## INPUT MATERIAL
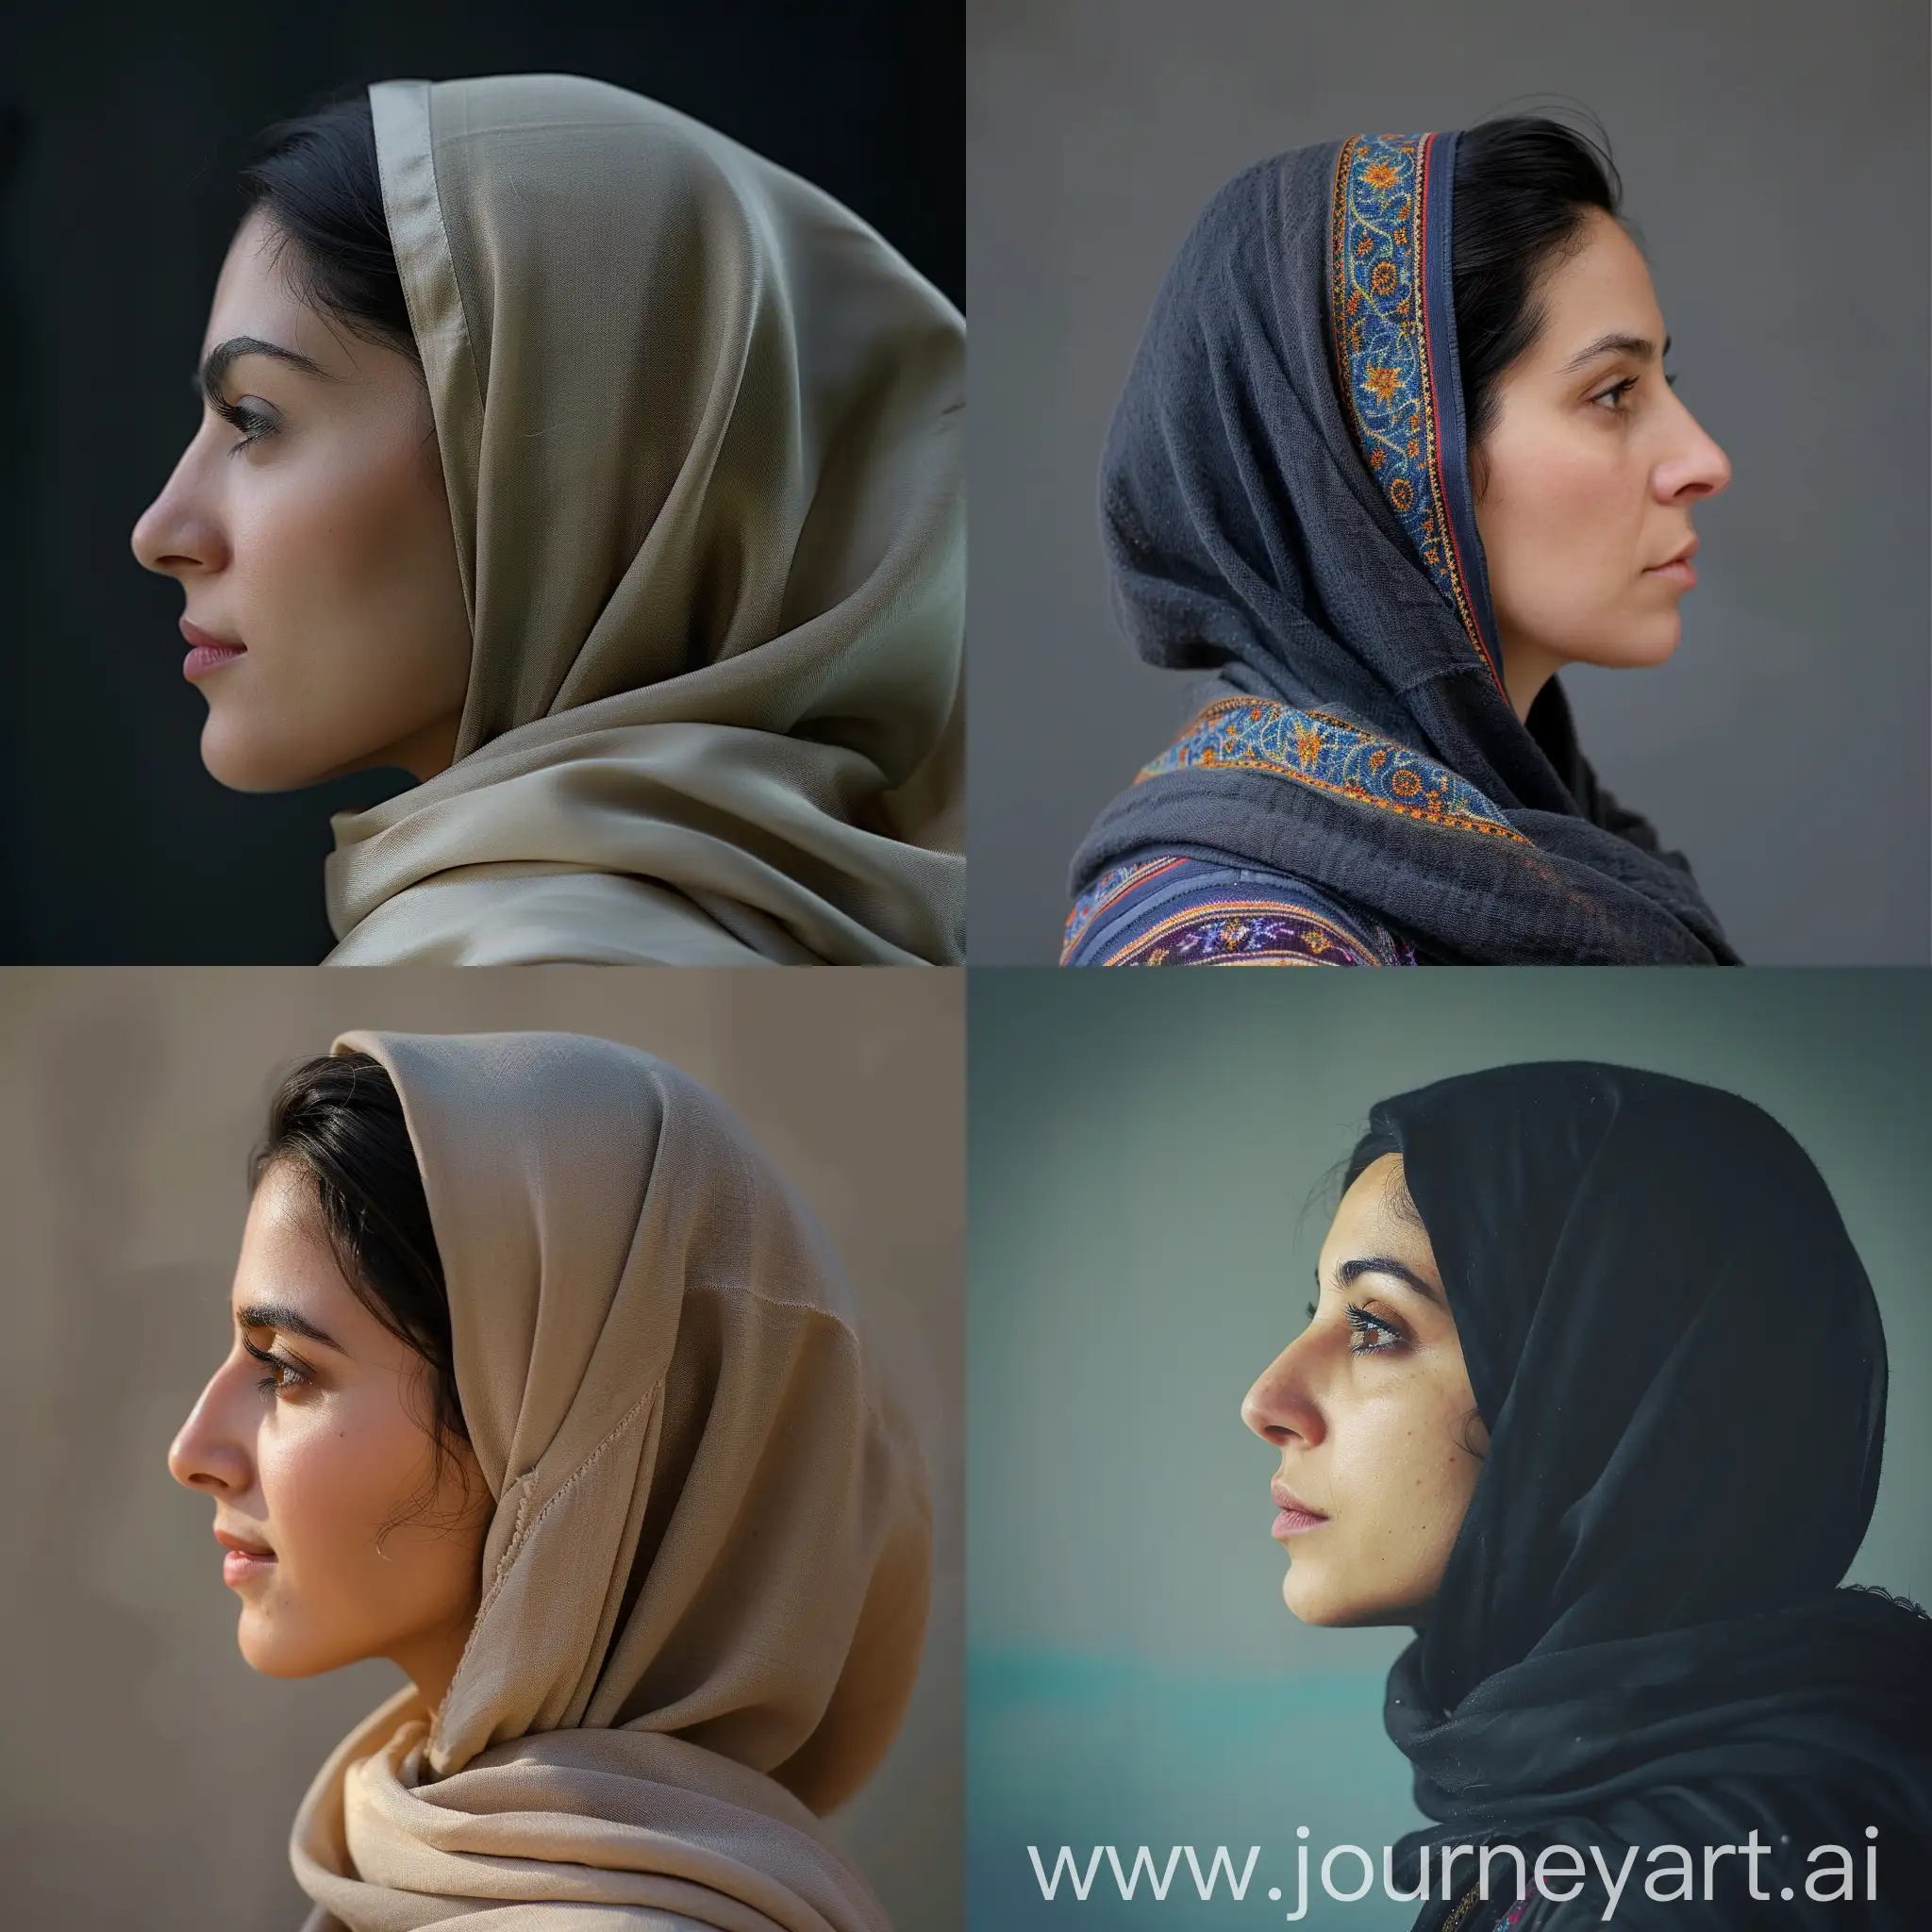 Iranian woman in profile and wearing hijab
---
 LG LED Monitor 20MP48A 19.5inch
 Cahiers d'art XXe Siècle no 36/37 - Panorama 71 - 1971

## TASK PROMPT
Return the span of lines in the data above that opens at the line with "LG LED Monitor 20MP48A 19.5inch" and closes at the line with "Cahiers d'art XXe", exactly, ends included, nothing else.

## ANSWER SPACE
 LG LED Monitor 20MP48A 19.5inch
 Cahiers d'art XXe Siècle no 36/37 - Panorama 71 - 1971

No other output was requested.